Something similar happened once when I stayed at my best friend H’s house. In the morning she asked her mother to wake me up for breakfast. Her mother returned calmly and said, she is already awake, she is lying there looking around. When they both entered the room together she discovered the misunderstanding caused by H's laughs. I was simply sleeping, like someone who had quietly left the world during the night and had not yet informed anyone.
The irony is that during the day I also forget to blink properly, which has given me a lovely degree three astigmatism from constant dryness and forced me to wear glasses since childhood. Of course I refuse to tell anyone I wear glasses because some irrational part of my personality has decided that depending on anything somehow feels weak. So instead I simply walk around half blind, which means my visual system currently operates in a very balanced way. At night I stare at people while unconscious, and during the day I keep staring in order to see.
Social etiquette is another battlefield. The small rituals of everyday interaction feel like a complicated choreography that everyone else memorized but nobody ever gave me the script for.
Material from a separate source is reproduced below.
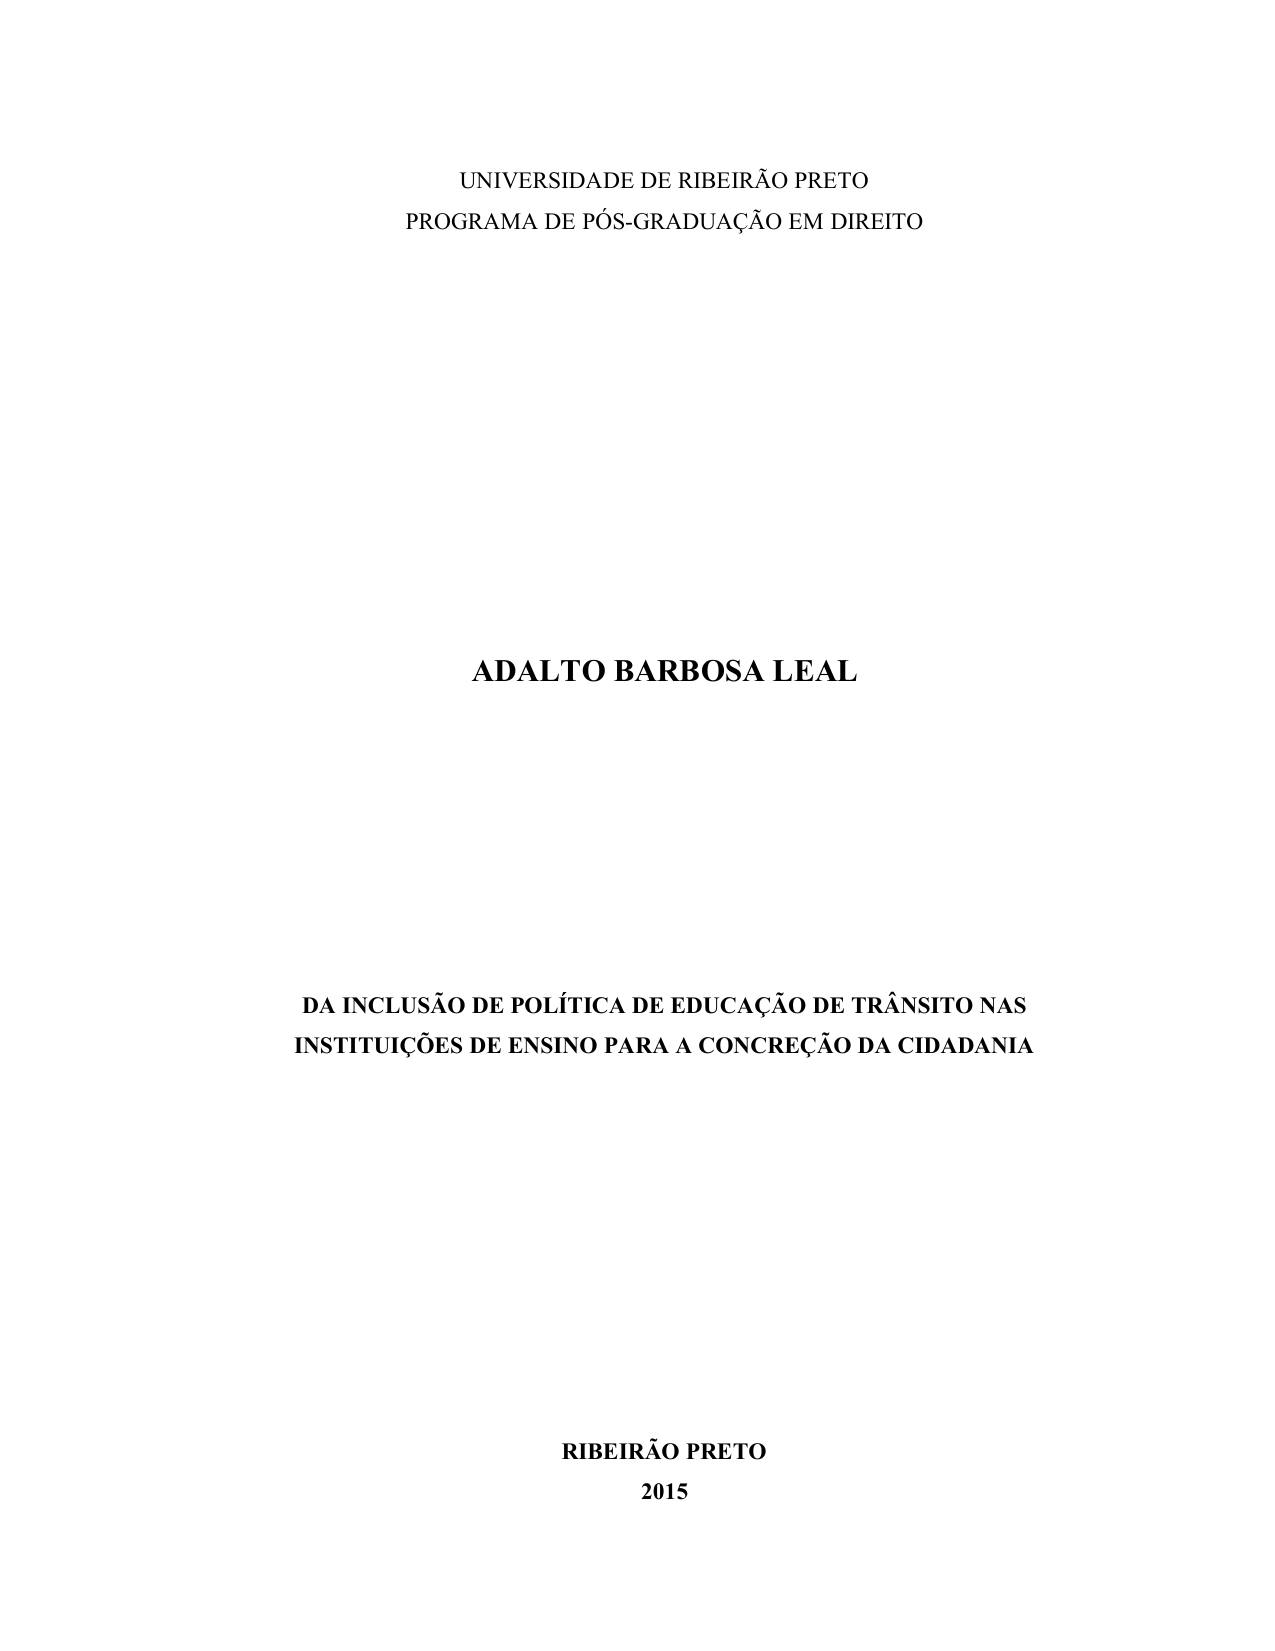 BAIXAR LDB 9394/96 PARA

When you greet someone do you kiss both cheeks, one cheek, two times, three times if they are French? I genuinely cannot keep up with it. Every greeting feels like improvising a diplomatic ceremony without preparation while everyone else seems to perform it perfectly.
Meanwhile the same brain that cannot memorize greeting rituals can remember extremely unnecessary details with perfect precision. I can tell you which wine should be paired with which dish like a sommelier in a Michelin restaurant. I know which spoon you are supposed to start with during a formal dinner, even though I will probably spend half the dinner secretly judging the spoon.
Food itself is another adventure. Not only flavors but textures. Certain textures simply offend my nervous system. Paper coffee cups are one of them. If someone hands me a drink in one of those cups I instinctively hold it like it might explode. I am pescatarian for 20 years been simple because the meat smell like animal and chicken has a weird texture, nothing to do with ethics. Hair is even worse. Even mentioning it gives me the ick. I have kept my hair short since I was three years old simply because I cannot tolerate hair touching my skin. If someone’s hair brushes against my arm I react like a cat that accidentally stepped in water and feels like vomit, which as you can imagine creates many very elegant social moments.
When I am alone I can remain completely silent. Days can pass without saying a single word. But the moment I step outside and meet friends something switches on. One sentence leads to another story, which leads to another observation, which connects to another completely unrelated thought, and before I realize it I have been talking non stop like a podcast nobody pressed pause on.
From the outside this probably looks chaotic. Inside my head there is actually a system. It is simply a very loud one. And now that I read what I just wrote I realize something else. This entire text jumps from topic to topic. Diagnosis, yachts, Dracula sleep, shoelaces, wine etiquette, paper cups. Which, if we are being honest, this is probably the most accurate demonstration of ADHD I could have written.
People sometimes ask what ADHD feels like, expecting a tragic explanation. But the truth is much less dramatic. It is actually quite funny if you understand the language. Sometimes those spirals produce chaos. Sometimes they produce strange stories.
And occasionally they produce a woman who cannot open a bag of chips without scissors but somehow manages to learn Chinese in six months.
Which, if you ask me, is a perfectly acceptable trade.